And so. Resigned to the fact that I'm just going to have to make due, I shove the bottom prongs into their holders and hold my breath as I snap the H back into place. It goes. Breath out. I turn the computer on, and the H works. It now sits at a jaunty tilt and my finger catches on it occasionally on the way back up. But, it works, and that's really all that matters right now.

And so, children, the moral of story is this: If your keyboard works, and it's just a little sticky, it's OK. Leave it alone. Or you'll end up with a tilted H key like me and a computer keyboard that is still sticky.



remember to breath

We're getting down to the wire. Roughly 40 days and counting until the end. Marathoners call it hitting the wall -- you just don't want to go anymore, but you have to. You have to keep putting one foot in front of the other and just keep running.

I've hit the wall. Hard. What's that saying: Senioritis, we're too lazy to find a cure.

Yeah. But see, I don't have the luxury of doing nothing. I have a To Do list the length of Route 40 just for things to finish for school alone, forget finding a job, and planning to move home.

I've been taking a yoga class, and one of the things our professor always tell us is to remember to breath. I've started having to tell myself to breath in and out during my daily activities.

I don't think I've ever been so happy and yet so terrified for something to come to an end.

Tuesday, March 31, 2009

accomplishment

I finally finished my online portfolio.
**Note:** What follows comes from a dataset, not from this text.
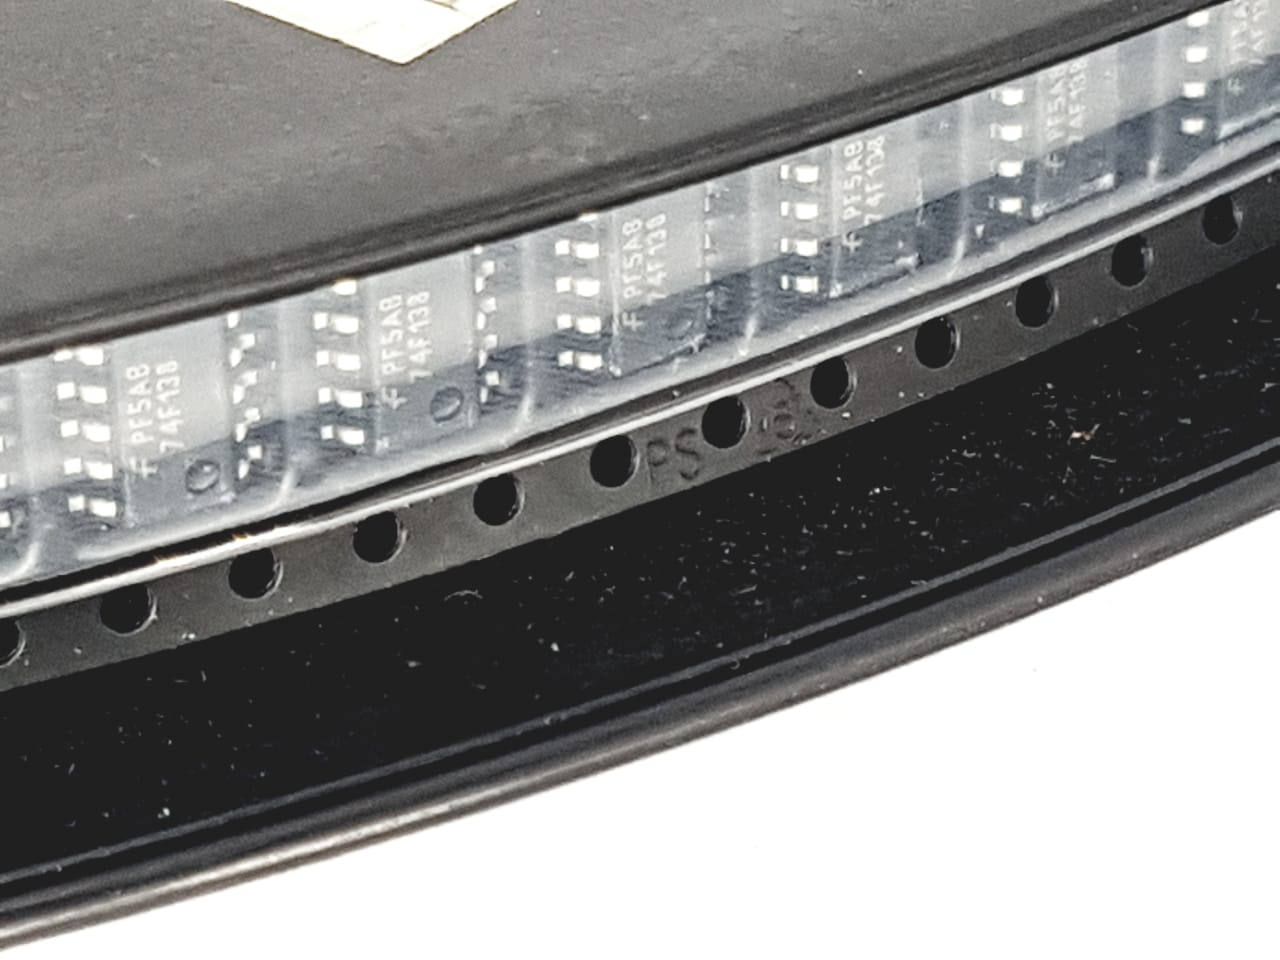 10 peças Circuito Integrado SMD 7xF138 Soic-16 74F138Scx

I'm incredibly proud of it.

Take a look!

Friday, March 27, 2009

learning to be alone

"Will you be OK?" she asked as I left their apartment to go to my own empty one.

"Oh yeah, I'll be fine," I responded, I know I can be alone and be OK.

I'm not sure why, but I used to hate being alone. I would always call someone, anyone, to avoid the silence of solitude. I'm an extrovert by nature, conversation and people keep me going. I'll always feel happier with others than without them, but since going to college, I've learned the value of spending time with myself and my thoughts.

I've encountered an odd situation this week -- every single person who I would consider a good friend or acquaintance at Elon, who I would feel willing to call to spend time with, is away on spring break. I came back early from our week at the beach because my best friend here had to be back to present at a conference in Georgia. Her roommates, my other great friends, are away at a concert in the southern part of the state. My friend Lesley is in Maryland. Mandy and Olivia, Florida. My roommate, on a cruise in the Caribbean. And the list goes on, leaving me to myself. Alone.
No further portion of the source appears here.